Joy Connolly: Inscape empire: uses of classical Athens from Cicero to Aristides

As early as the fourth century BCE Greeks like Isocrates began to represent Athens as a universal model of human greatness. Being “Greek” in an Attic mode came to embody itself in a set of cultural practices (like speaking pure Greek or doing rhetoric or philosophy) theoretically accessible to all educated men, regardless of “native” ethnicity or language. This construction of Greekness created an immensely useful heuristic for the Romans who had conquered the Mediterranean world. If Athens could be claimed as the model for refined human culture on a global scale, it was Roman military might that preserved its memory and made its continued circulation possible. The habits of thought and practice advocated by classical Atticizing Hellenism promoted a universalist worldview peculiarly favorable to imperial government and its claims to provide security.
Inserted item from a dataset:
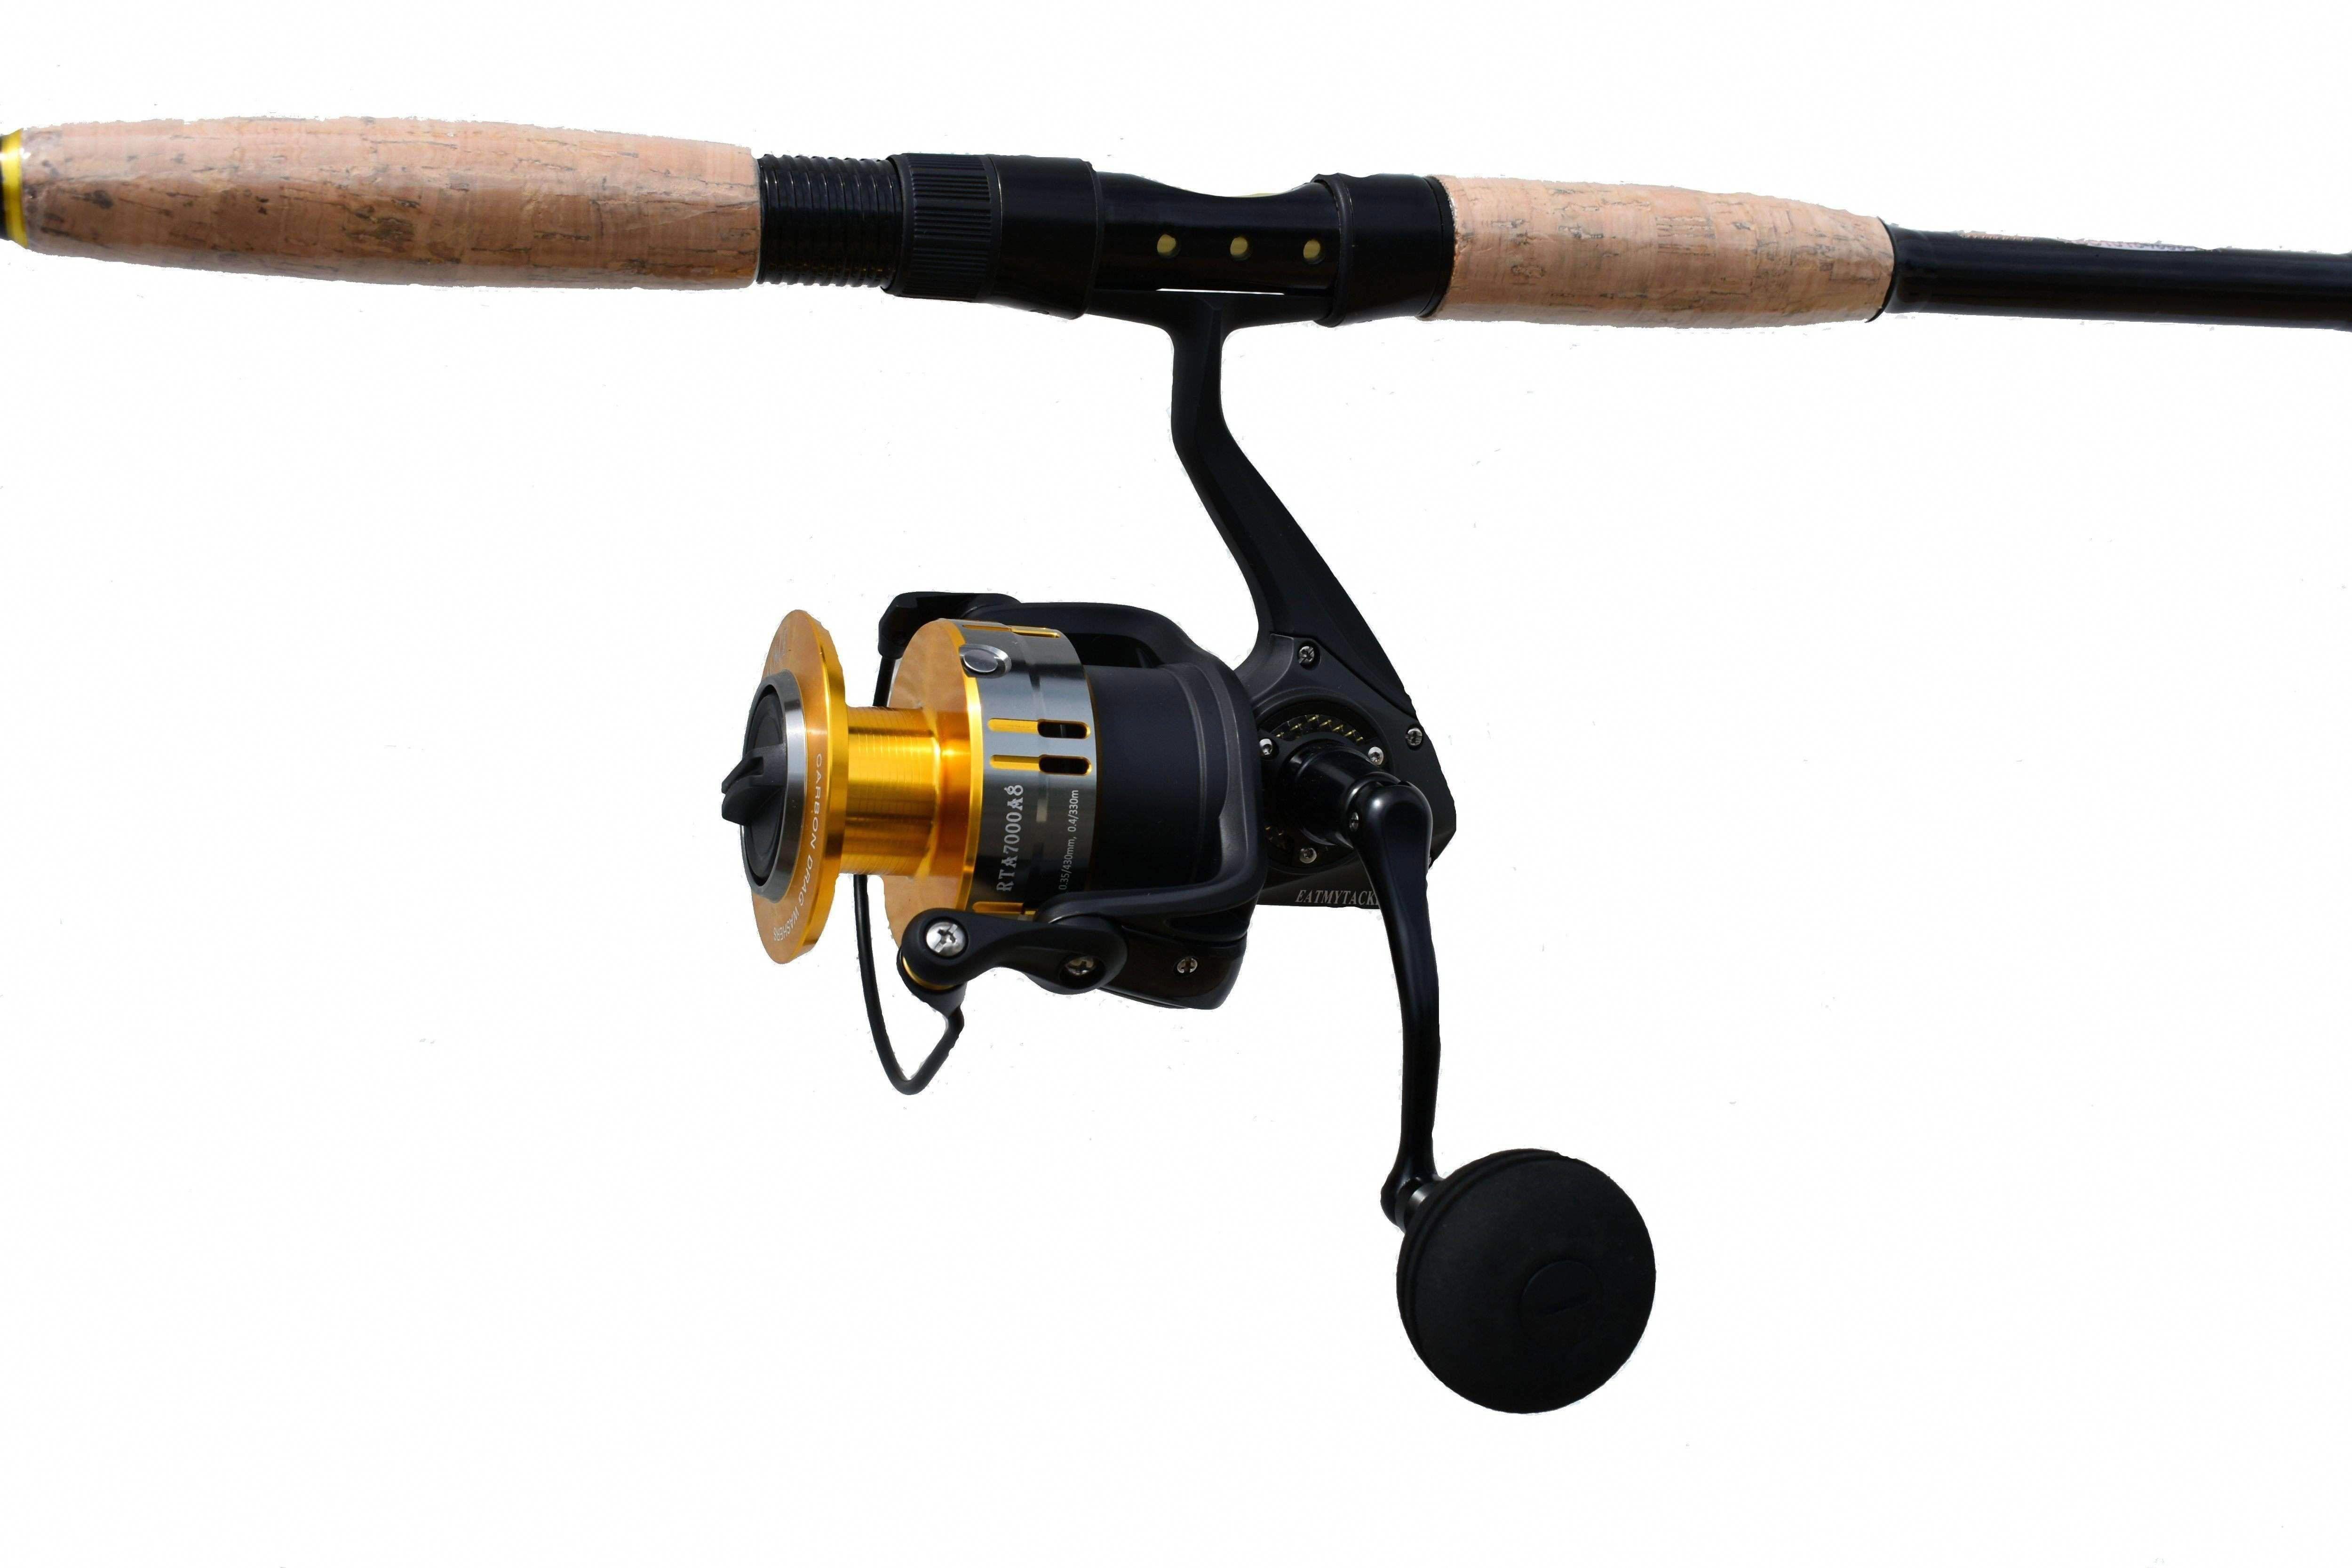 7 Combo Bluefish Predator Spinning Fishing Rod And Reel Saltwater Fishing Angler Fishinglife Saltwaterlu Fishing Rods And Reels Rod And Reel Fishing Rod

This paper explores how the habit of imperial Greeks of seeing Athens in classicized and classicizing, universalized and universalizing terms — already incipient in fifth and fourth century Attic texts — gains traction in first century BCE Roman texts, particularly in the writings of Cicero. This has implications not only for understanding the development of Greek imperial civic culture, but for grasping the forces that gradually made Roman citizenship thinkable as a universal property. After sketching recent critiques of cultural studies’ use of “identity” as a term of art, the paper turns to the emphasis on fantasy in forging ideas and practices of collective belonging in Frantz Fanon, Lauren Berlant, Homi Bhabha and others. Closely reading Cicero’s representation of his own desiring identification with Athens (especially in the prefaces to De Finibus) it examines how immersion in a cultural context coded as foreign or other transforms local regional, linguistic, or family bonds into a larger “inscape” of transcendent identification — in this case, with “classical” “Attic” culture. The paper seeks to advance our historical understanding of the adoption and transformation of Greek culture by Roman elites (whose distinctive imitative qualities Denis Feeney has recently noted) and its role as a forebear of Atticizing imperial Greeks, and to contribute to the growing literature in political thought on the history of cosmopolitan and universalist values.